2. What is torpor???
Torpor is a state of decreased physiological activity in an animal, usually by a
reduced body temperature and metabolic rate.
Torpor enables animals to survive periods of reduced food availability.
The term "torpor" can refer to the time a hibernator spends at low body
temperature, lasting days to weeks, or it can refer to a period of low body
temperature and metabolism lasting less than 24 hours, as in "daily torpor".
3. Animals that undergo daily torpor include birds (even tiny hummingbirds, notably
Cypselomorphae) and some mammals, including many marsupial species, rodent
species (such as mice), and bats.
During the active part of their day, such animals maintain normal body
temperature and activity levels, but their metabolic rate and body temperature
drops during a portion of the day (usually night) to conserve energy.
Torpor is often used to help animals survive during periods of colder
temperatures, as it allows them to save the energy that would normally be used to
maintain a high body temperature.
4. Some animals seasonally go into long periods of inactivity, with
reduced body temperature and metabolism, made up of multiple
bouts of torpor.
This is known as hibernation if it occurs during winter or
aestivation if it occurs during the summer.
Daily torpor, on the other hand, is not seasonally dependent and
can be an important part of energy conservation at any time of
year.
5. Torpor is a well-controlled thermoregulatory process and not, as previously thought,
the result of switching off thermoregulation.
Marsupial torpor differs from non-marsupial mammalian (eutherian) torpor in the
characteristics of arousal.
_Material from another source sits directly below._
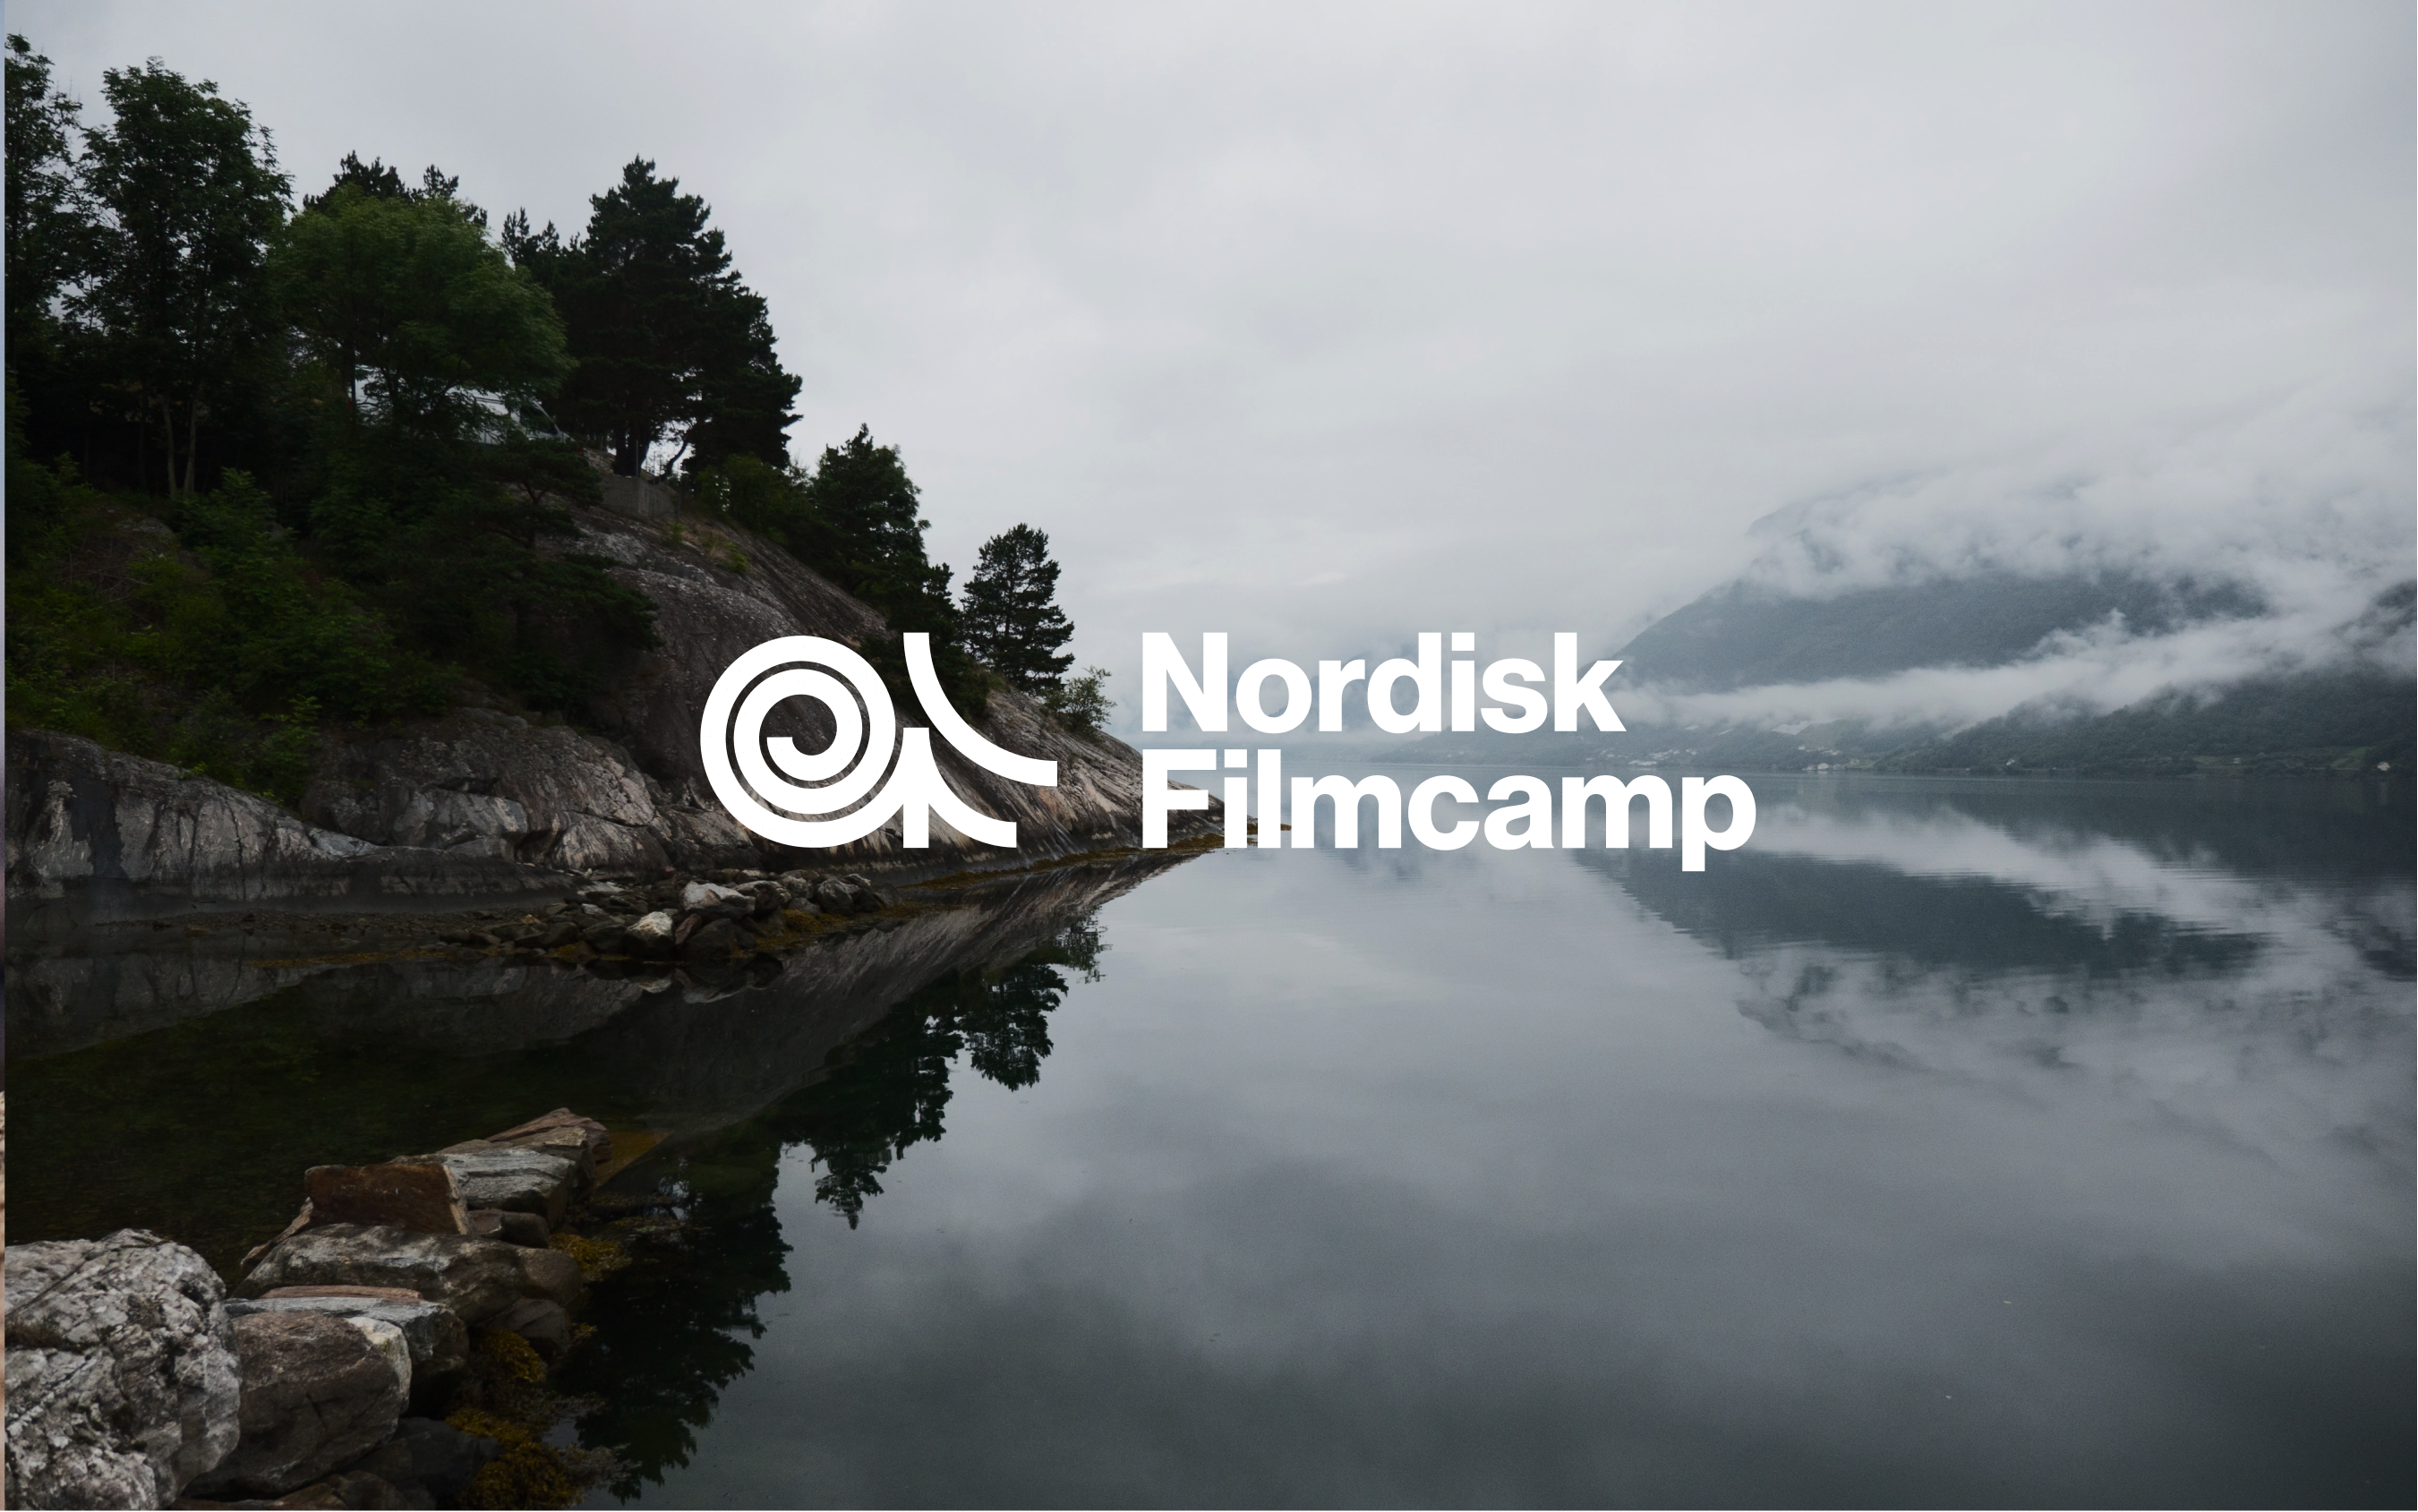 Nordisk-image1

Eutherian arousal relies on a heat-producing brown adipose
tissue as a mechanism to accelerate rewarming.
The mechanism of marsupial arousal is unknown, but appears not to rely on brown
adipose tissue.
6. Evolution
The evolution of torpor likely accompanied the development of homeothermy.
Animals capable of maintaining a body temperature above ambient temperature
when other members of its species could not would have a fitness advantage.
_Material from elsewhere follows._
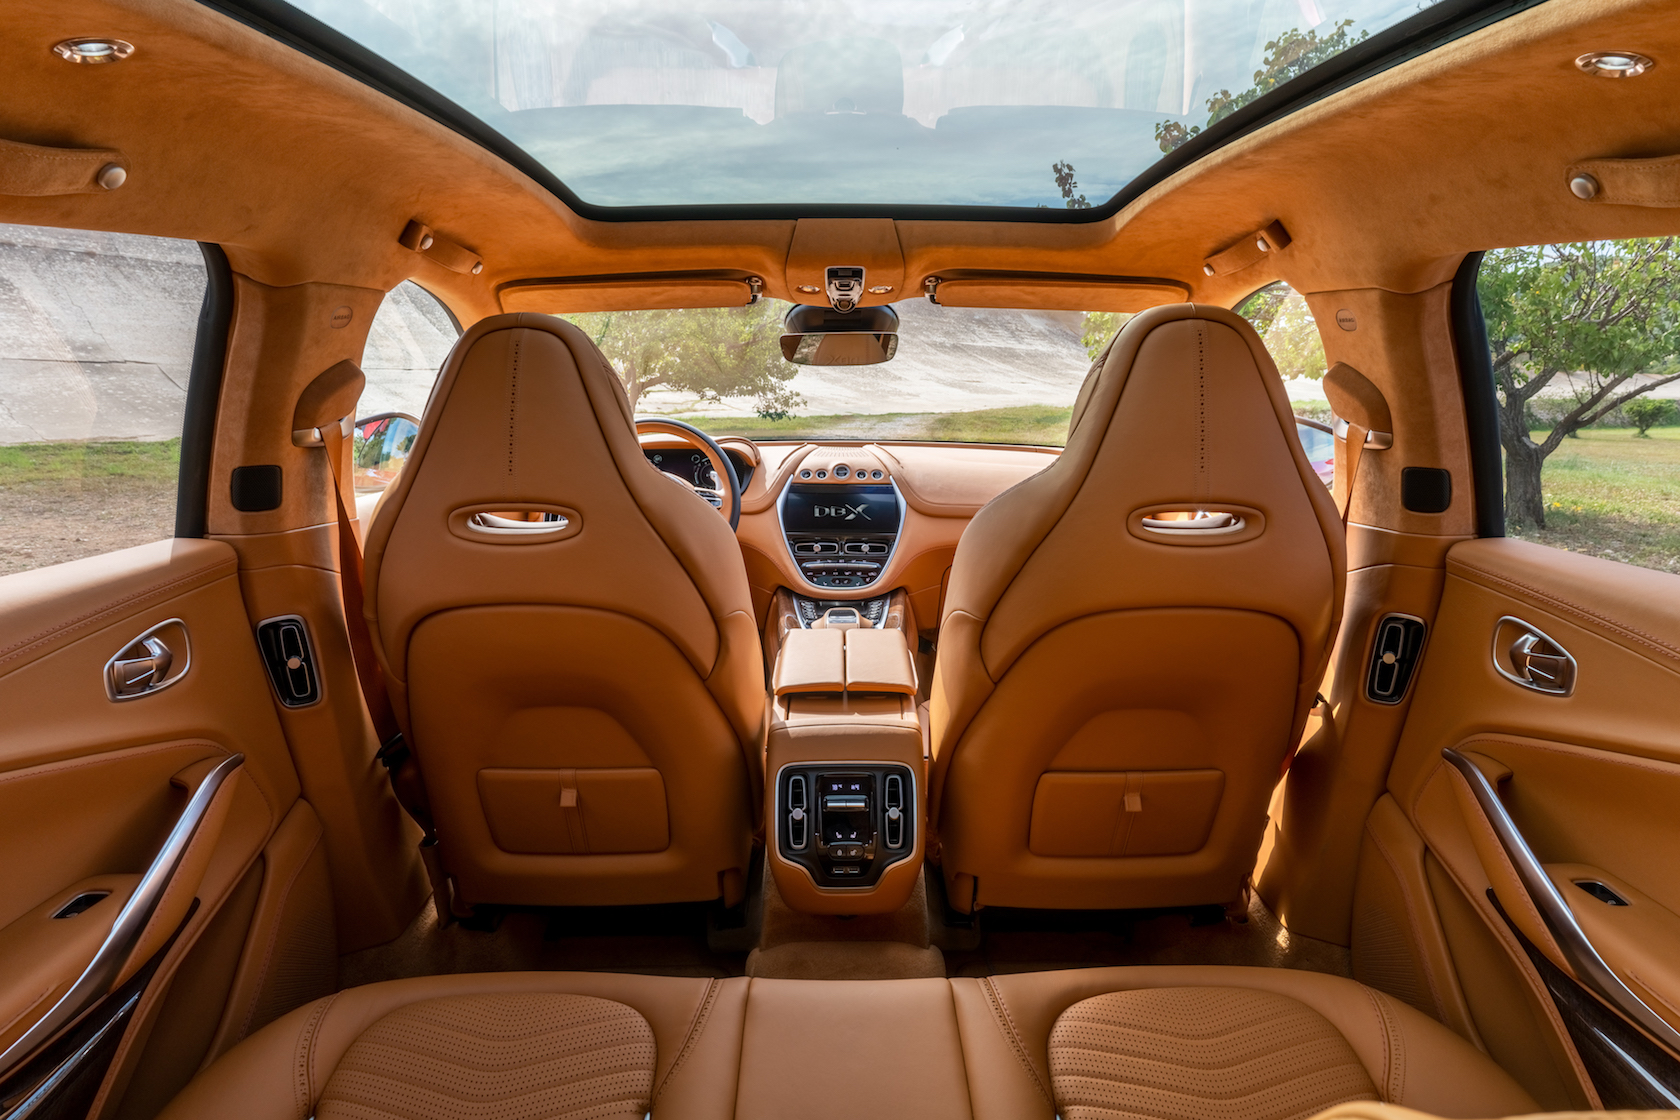 Aston Martin Dbx Price Revealed As Luxury Suv S Interior

Benefits of maintaining internal temperatures include increased foraging time and
less susceptibility to extreme drops in temperature.
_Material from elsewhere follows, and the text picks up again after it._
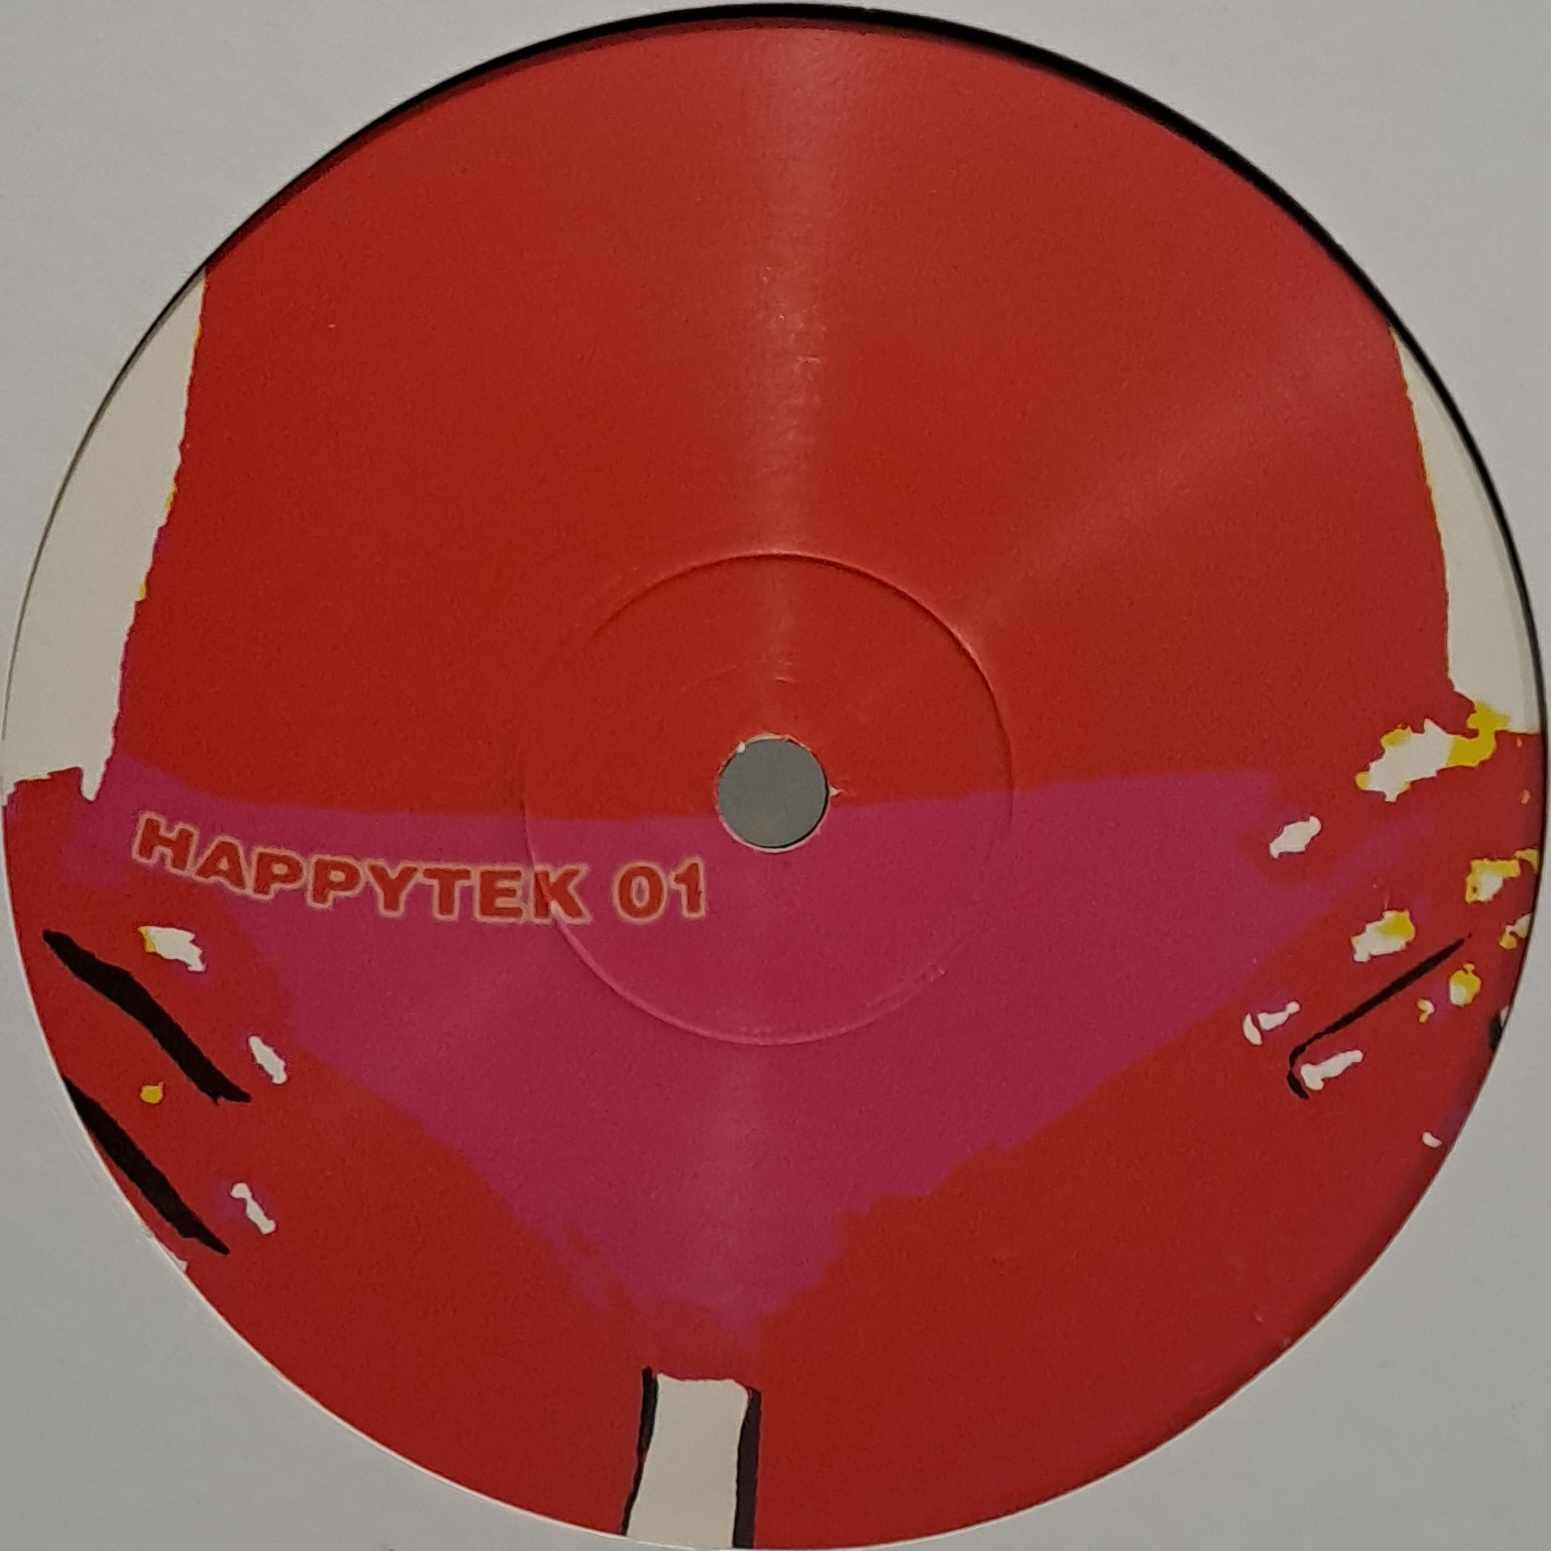 Happytek 01 - vinyle tribecore

This adaptation of increasing body temperature to forage has been observed in
small nocturnal mammals when they first wake up in the evening
7. Although homeothermy lends advantages such as increased activity
levels, small mammals and birds maintaining an internal body
temperature spend up to 100 times more energy in low ambient
temperatures compared to ectotherms.
To cope with this challenge, these animals maintain a much lower body
temperature, staying just over ambient temperature rather than at normal
operating temperature.
This reduction in body temperature and metabolic rate allows the
prolonged survival of animals capable of entering torpid states.
8. Function
1) In times of insufficient resources is the primarily noted purpose of torpor.
2) This conclusion is largely based on laboratory studies where torpor was
observed to follow food deprivation.
3) There is evidence for other adaptive functions of torpor where animals are
observed in natural context of small migrant birds to increase their body
fat.
4) Hummingbirds, resting at night during migration, were observed to enter
torpor which helped conserve fat stores for the rest of their migration.
9. Fat conservation in small birds
This strategy of using torpor to increase body fat has also been observed in wintering
chickadees.
Black-capped chickadees, living in temperate forests of North America, do not migrate
south during winter.
The chickadee can maintain a body temperature 12 °C lower than normal. This
reduction in metabolism allows it to conserve 30% of fat stores amassed from the
previous day.
Without using torpor the chickadee would not be able to conserve its fat stores to
survive winter.
10. Advantage in environments with unpredictable food sources
Torpor can be a strategy of animals with unpredictable food supplies.
For example, high-latitude living rodents use torpor seasonally when not reproducing.
These rodents use torpor as means to survive winter and live to reproduce in the next reproduction cycle
when food sources are plentiful, separating periods of torpor from the reproduction period.
Some animals use torpor during their reproductive cycle, as seen in unpredictable habitats.
They experience the cost of a prolonged reproduction period but the payoff is survival to be able to
reproduce at all.
The eastern long-eared bat uses torpor during winter and is able to arouse and forage during warm
periods.
11. Parasite resistance by bats
A drop in temperature from torpor has been shown to reduce the ability of parasites to
reproduce.
Ectoparasites of bats in temperate zones have reduced reproductive rates when bats enter torpor.
Where bats do not enter torpor the parasites reproduce at a constant rate throughout the year.